C’est l’une des premières questions à poser et à se poser : Comment sécuriser mon application, mon infrastructure ?

Mais c’est quoi la sécurité ? 

Vaste question aux réponses multiples, mais dans notre cas, appuyons nous sur l’acronyme DICT : Disponibilité, Intégrité, Confidentialité, Traçabilité en y ajoutant la PDMA, acronyme barbare indiquant la Perte de Données Maximum Admissible (RPO en anglais). 

Détaillons alors ce qu'implique chacun des termes de la DICT, puis la PDMA.

Disponibilité

C’est le reflet de la capacité d’une application à être résiliente (pensez à résistante) à tout événement pouvant générer un arrêt de service.

Elle doit répondre aux exigences exprimées par le demandeur : combien de temps peut-on s’arrêter en cas de sinistre mineur (l’arrêt d’une machine par exemple) ou de sinistre majeur (une météorite s’écrasant sur un datacenter ou encore une inondation) ?

Ce double besoin est souvent exprimé sous forme de DIMA ou Durée d’Interruption Maximum Admissible (RTO en anglais) en heures ou encore sous la forme d’un objectif de service (SLO en anglais) en pourcentage du type 99,999% du temps soit 5,26 minutes d’interruption par an.

Intégrité

Comme son nom l’indique, il s’agit de s’assurer qu’une donnée n’est pas modifiée indûment, encore une fois le plus souvent dans un cadre sensible ou légal.
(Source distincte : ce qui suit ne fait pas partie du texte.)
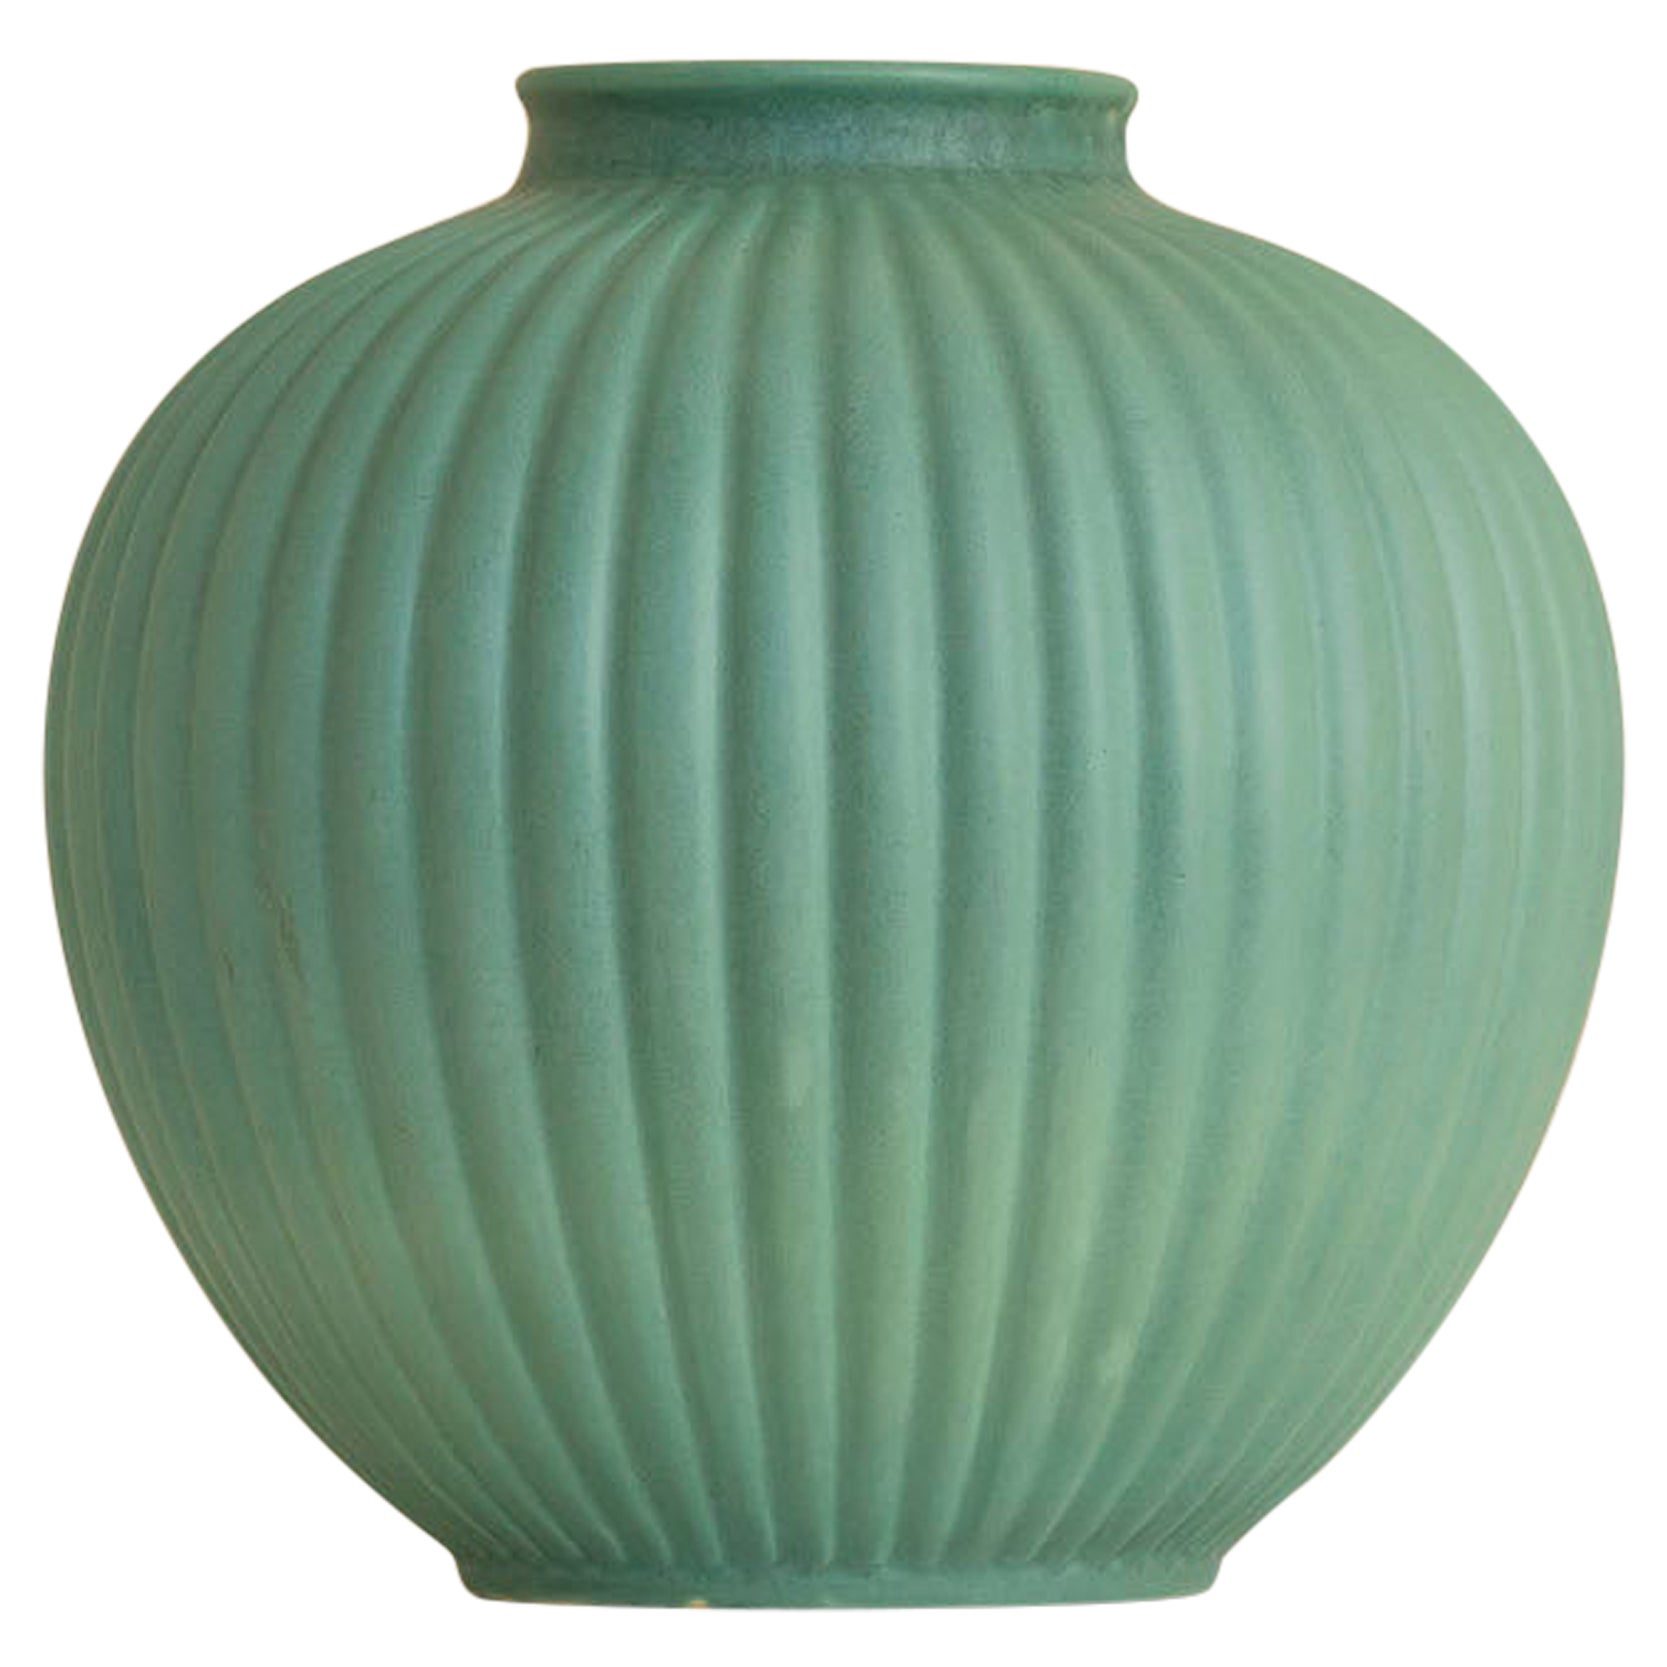 Midcentury ceramic vase by Gio Ponti for Richard Ginori, Italy 1947 
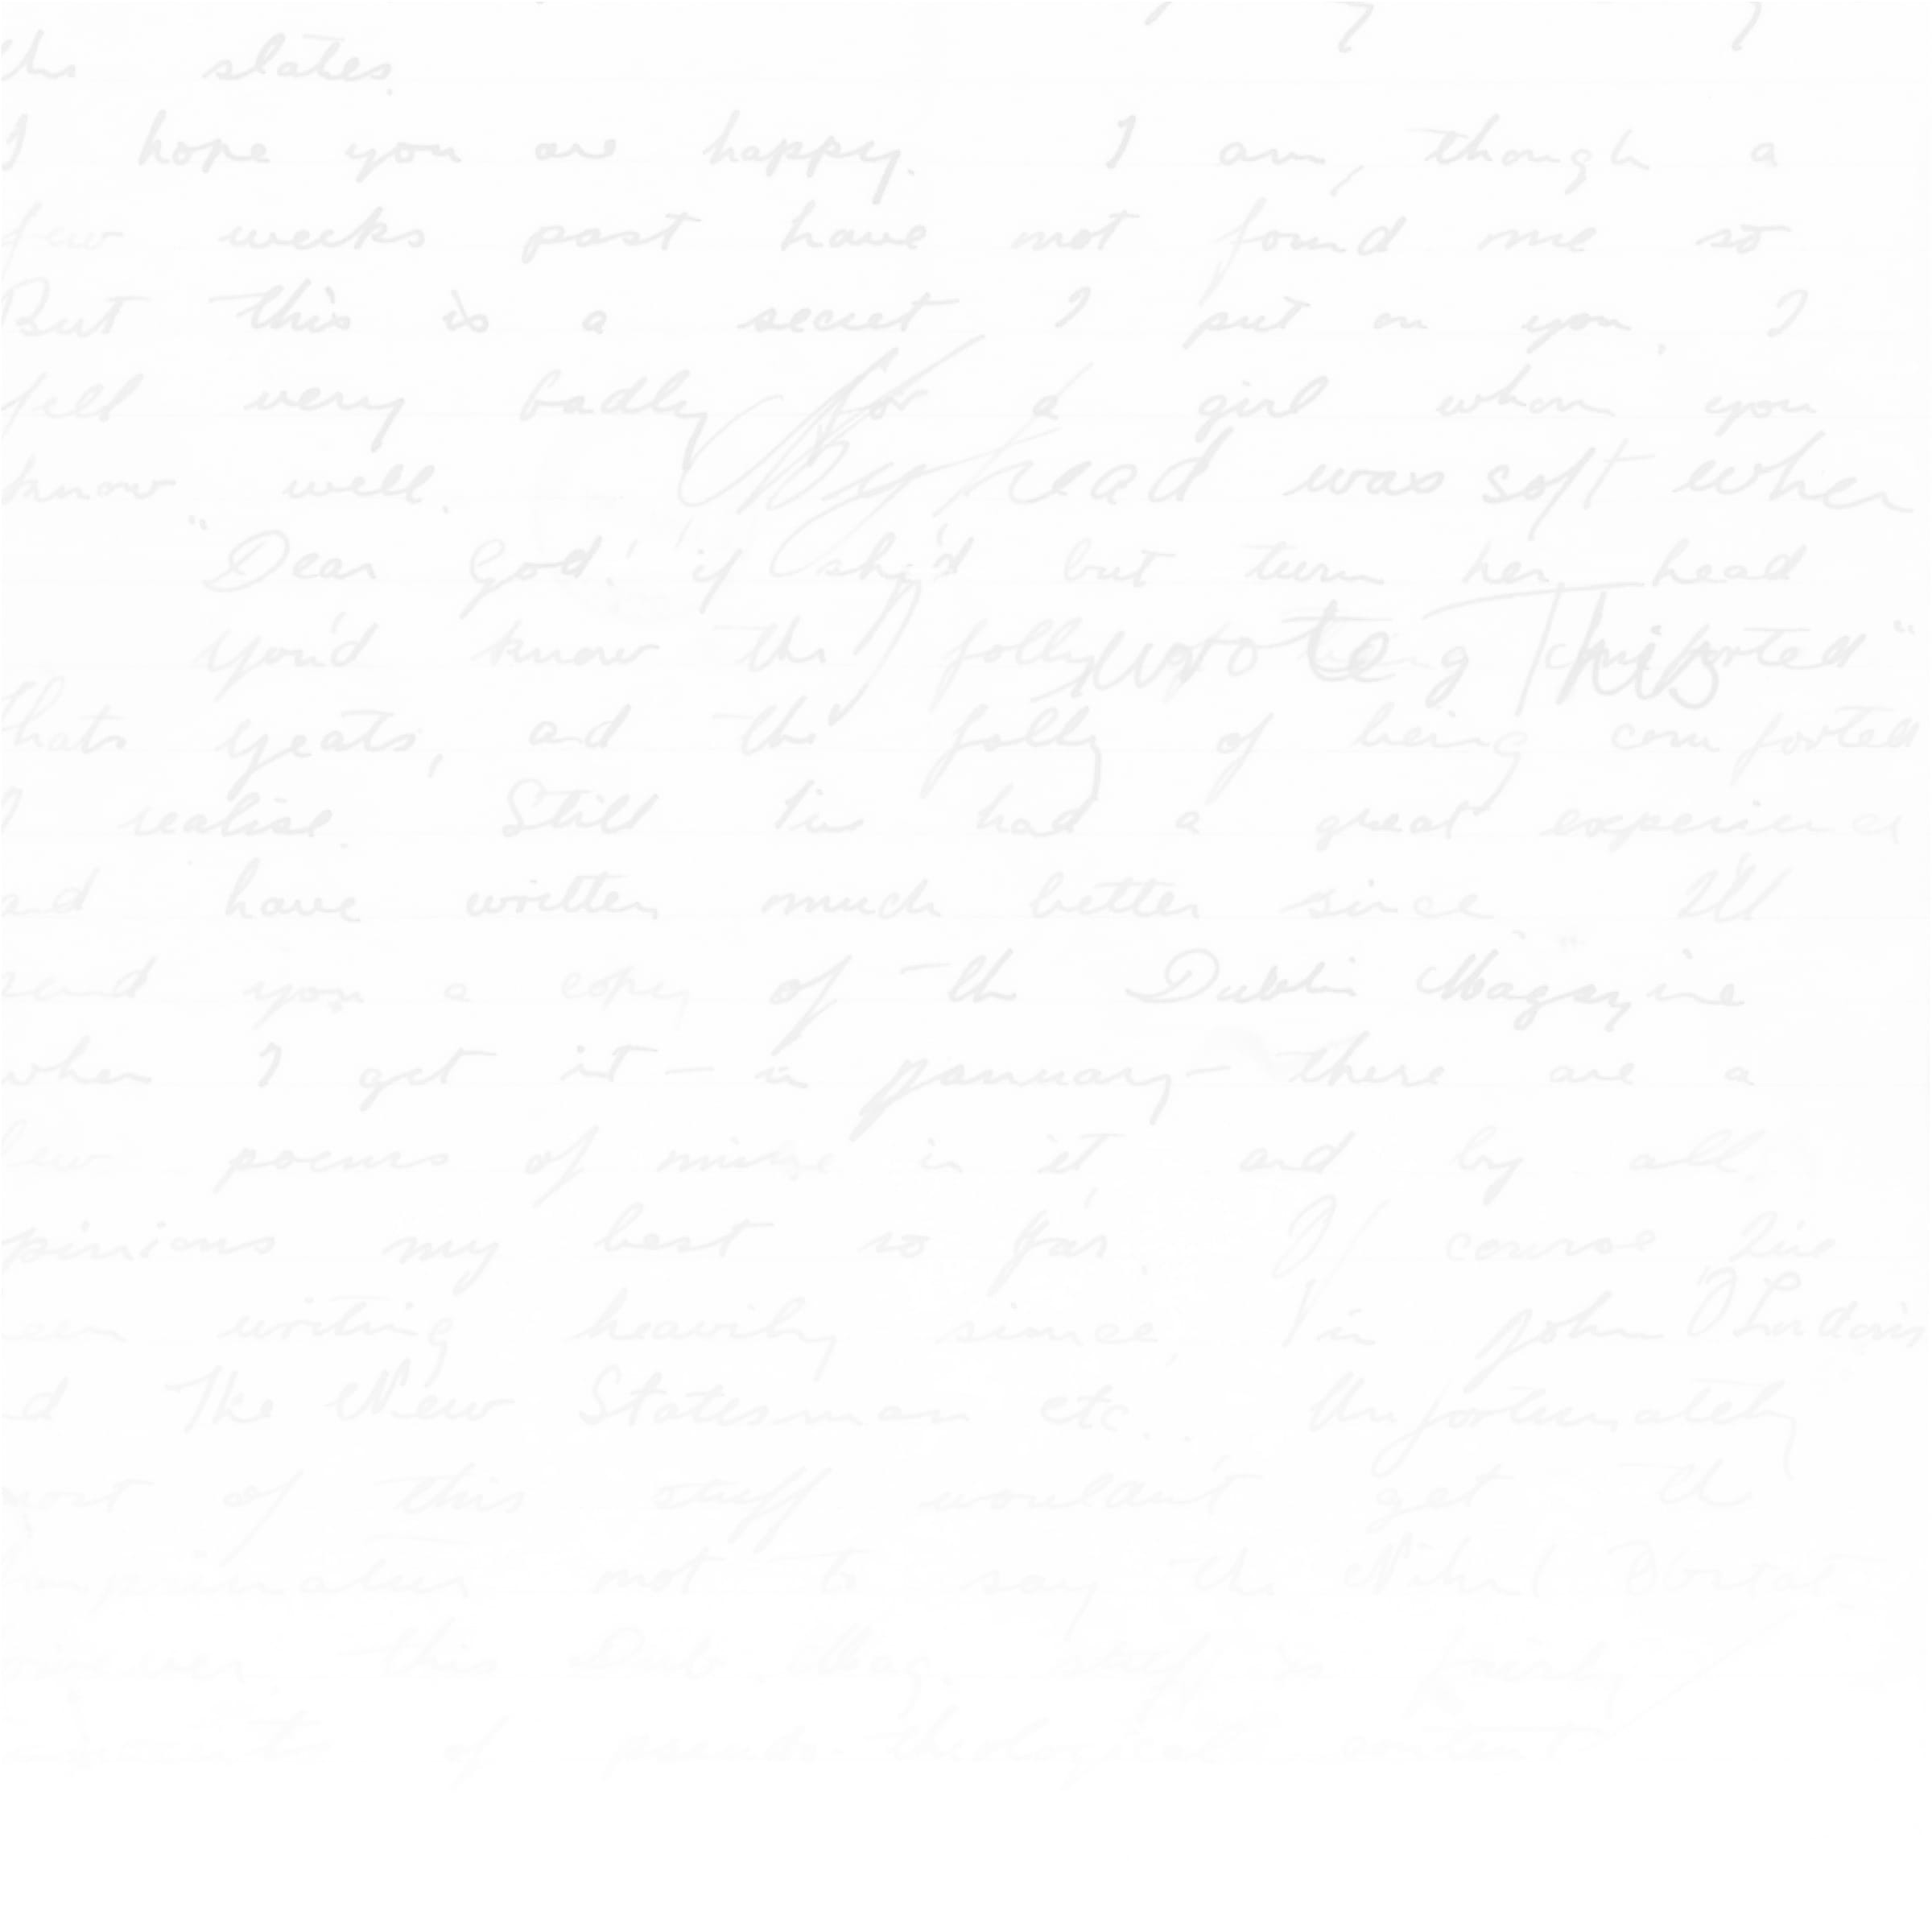 kavanagh-bg-handwritten_web-1669994479.jpg

Pour reprendre notre exemple précédent, vous pourrez vous assurer que notre recette n’a pas pu être modifiée par quelqu’un d’autre que le chef cuisinier.

Confidentialité

Vous trouverez dans la plupart des entreprises une classification de la sensibilité de leurs données, en fonction de l’impact de leur publication. On peut distinguer deux types de données confidentielles : celles très sensibles qui touchent au métier de l’entreprise et dégraderaient sa capacité à continuer son activité en cas de fuite ou de corruption et celles, réglementaires, qui légalement doivent être protégées, gardées secrètes ou supprimées (on pense à la RGPD, notamment).

Par exemple la recette du célèbre gâteau à la fraise qui fait la réputation d’un restaurant ou, côté légal, les dossiers du personnel.

Traçabilité

C’est la capacité à garder une preuve de l’accès ou de la modification d’une donnée, dans le temps. Cette notion est particulièrement pertinente pour les données réglementées ou celles, souvent confidentielles, qui ne doivent être consultées que par peu de personnes.

Dans notre restaurant, vous pourrez ainsi vérifier que seuls les cuisiniers ont pu consulter la recette, et pas les serveurs, mêmes s’ils peuvent accéder à la cuisine.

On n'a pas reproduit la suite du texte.